Are the bad areas of Dickens usually associated with the fact that he is essentially a sexless writer, not in the sense that he is without gender but that he can’t write about women?

He can’t do women. He can’t do women in life and he can’t do women in books. He can do funny women, he can do ridiculous women, he can do awful old bags. But he had a problem. When he went up to be made Freeman of Edinburgh very early in his career the one thing Christopher North who did the eulogy said was, “There’s one thing he can’t do: he can’t do young women.” He was spot on.

There is a lovely moment when he’s in Paris and thinking about writing A Tale of Two Cities where he says that he envies Balzac and Hugo for the freedom they enjoy to be able to write about that which...

...the English novelist can’t. He and Thackeray both made that complaint: they can’t say what it’s really like to be a young man growing up.

Is his failure to put real women on the page to do with Victorian mores or do we also blame Maria Beadnell, the girl who rejected him when he was a young man and, by his own admission, hardened his heart?

Oh no, I don’t think we blame Maria Beadnell. In fact, he puts her wonderfully on the page. I mean actually two of his best women are Dora [in David Copperfield] and Flora Finching [in Little Dorrit]. (Pictured left, Ruth Jones as Flora Finching in the BBC's Little Dorrit.)

He puts her well on the page but all the other women...

That’s true. Dreadful fluttering little creatures.

I’m thinking also of all the cold-hearted women – Edith Dombey or Lady Dedlock. Was he drawn to them too?

I don't think that Catherine was cold. She was always there, docile in the double bed. And in a way I think Nelly kept him as she did keep his affection and love by being difficult, alternating enthusiasm and withdrawal. So maybe he quite liked it. But that’s speculation and we don’t know.

With Nelly did he look for something to compensate for what he lacked in his marriage?

No, I don’t think he went looking. I think he was absolutely knocked over. I think he did fall in love with her and her sisters. He loved girls with sisters. And then she didn’t accept his sexual advances so then he was hanging about wooing her and then she did and there was the pregnancy in France and he went through all sorts of traumas, I think.

Continued overleaf: 'People didn’t like to think that a great man was an adulterer', plus the trailer to An Invisible Woman

 

Why have the Dickensian mob warned people in your trade off Nelly Ternan over the years?
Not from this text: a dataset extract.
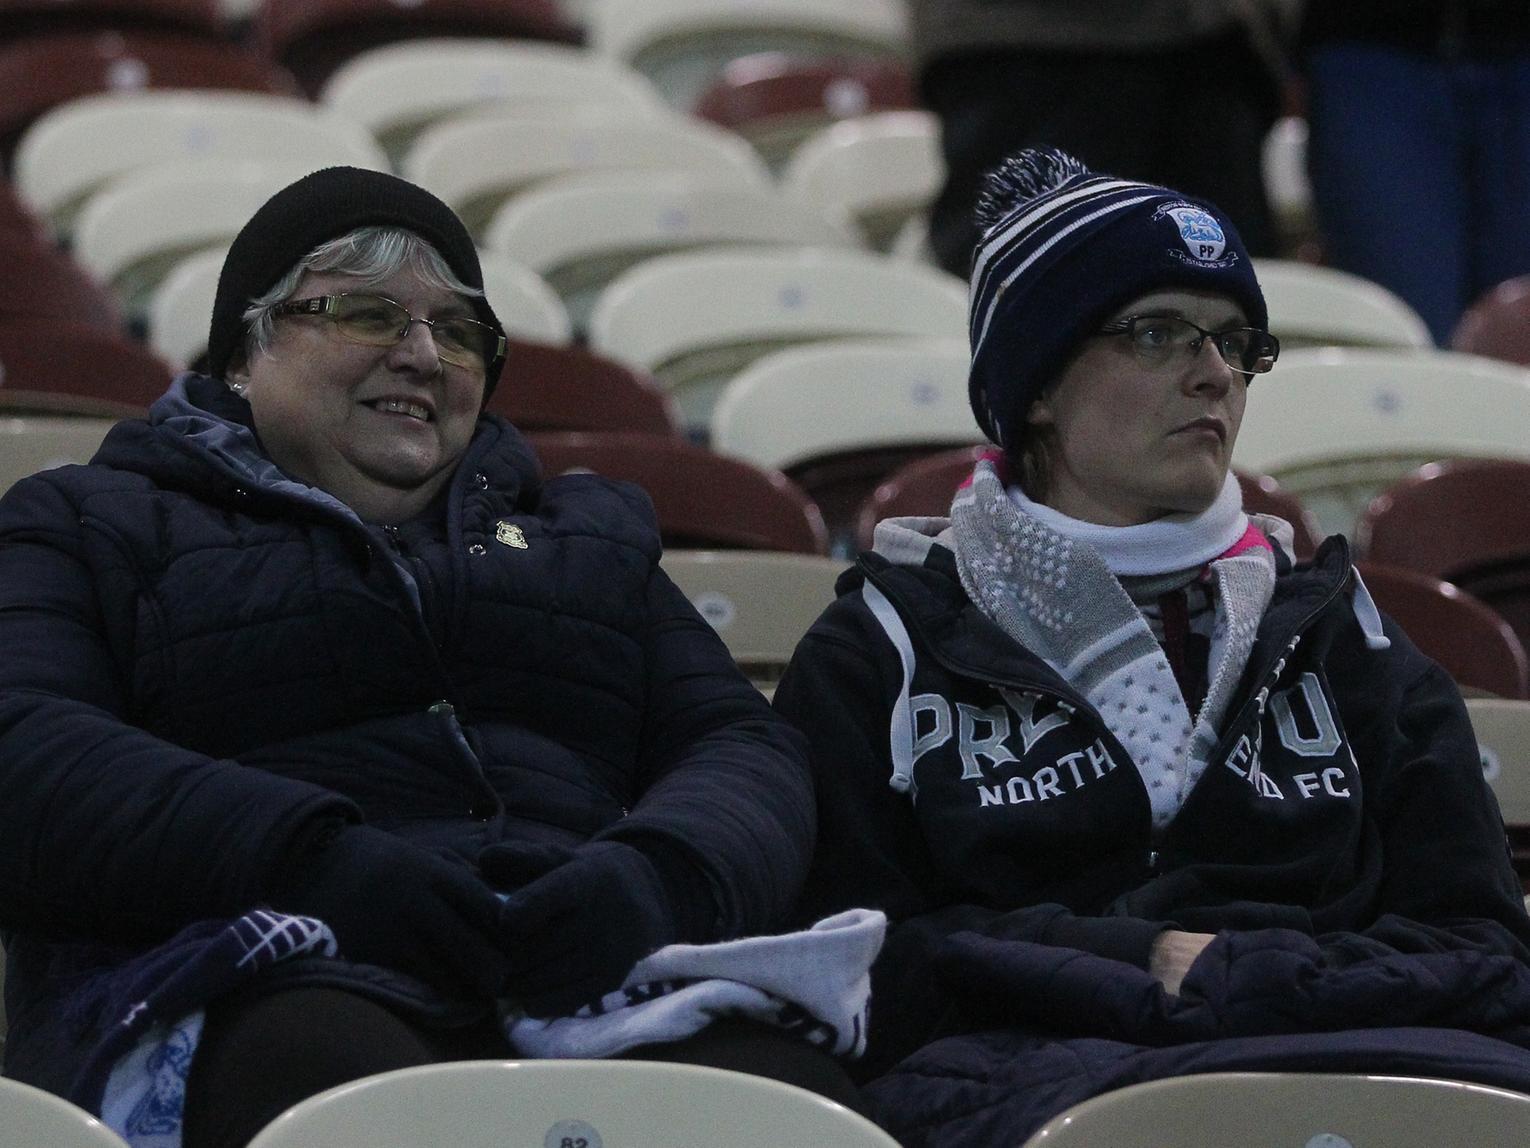 Plenty of PNE merchandise on show from these two fans ahead of kick off.
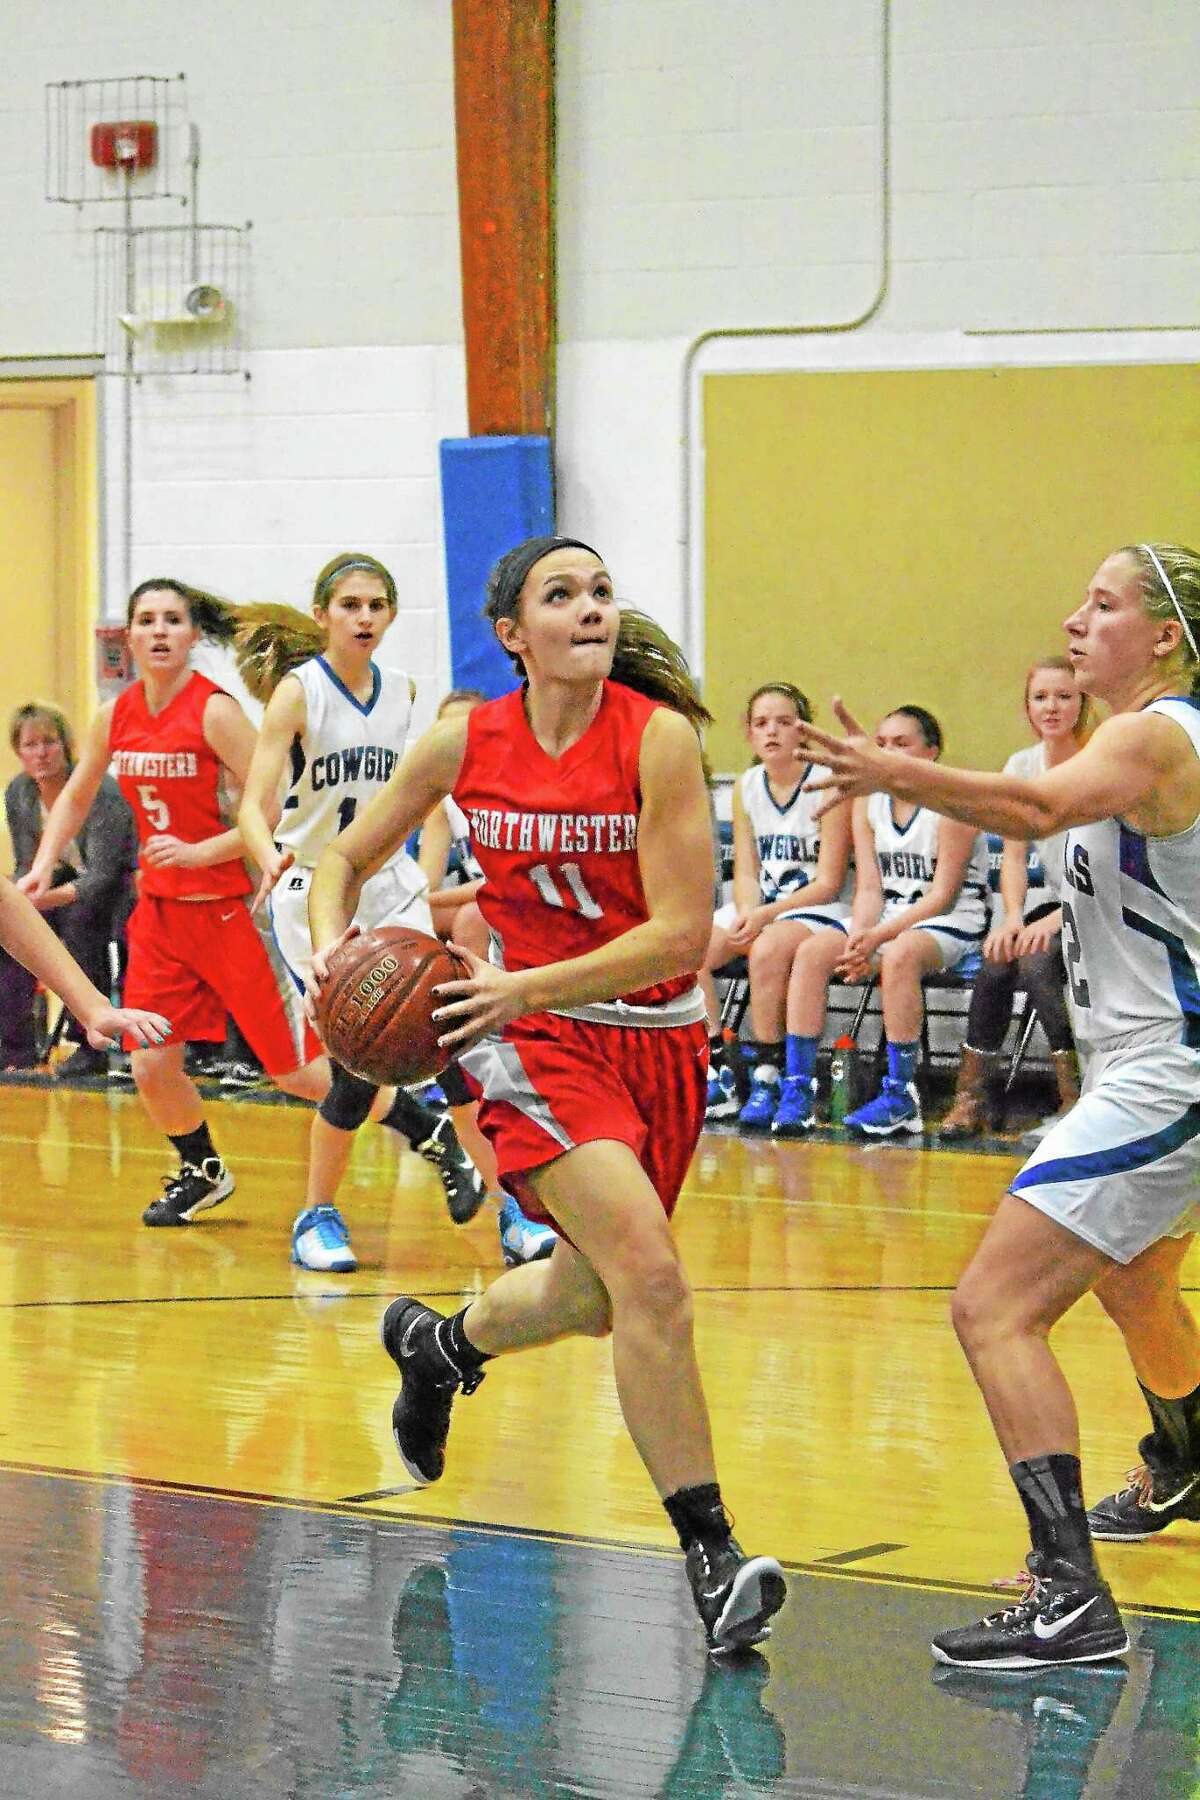 Northwestern’s Emma Beltrandi drives to the basket to score two of her game high 20 points in the Highlanders 33-16 win over Litchfield.

Why has she been such a dangerous topic for the Dickens Society?

That’s no longer so, I think. The family was protecting his reputation. People didn’t like to think that a great man was an adulterer obviously. We’ve forgotten how dreadful it was.

Except that, as described in your book, they were all at it in his circle.

Secretly, absolutely. Two households and two families – [Wilkie] Collins, [George] Cruikshank. But Dickens wasn’t like that. Dickens was the great emblem of domestic happiness. He’d written A Christmas Carol where Scrooge is reformed and becomes a loving family man. He was seen to be this marvellous, cheerful, jolly, home-loving man. And he did for years have wonderful Christmas parties with his children, everyone dancing, he did conjuring tricks, great feastings and cakes and jollity. And that’s what he stood for in the eyes of the public. And he could not afford to lose the love of the public. Not only did they give him love but they provided him with an income and he needed money to maintain his old mother and his widowed sisters-in-law and his wife and his mistress and her sisters. He needed money. But then the Dickensians later all got sort of angry about it and some of them who were scholars like Kathleen Tillotson said, “The only thing that matters are the books so we don’t want all this gossip.” There was that attitude. It was perfectly accepted by scholars such as Philip Collins and Una Pope-Hennessy who wrote about Dickens in the Forties and Fifties that there was a love affair. It was actually Peter [Ackroyd] who put forward this wonderful idea that it was an unconsummated relationship. It was Peter’s invention actually. Now it’s true that none of us know absolutely for certain what happened.

What do you make of his bizarre fascination with morgues, which is very, very strange...

Very strange indeed.

And prowling through the night, seeking out prostitutes not only to rescue them. One suspects reading between the lines of some of his letters that his fascination with that world was not entirely innocent. (Pictured below, Lionel Bart's image of Dickens's idea of a prostitute: Shani Wallis as Nancy in Oliver!)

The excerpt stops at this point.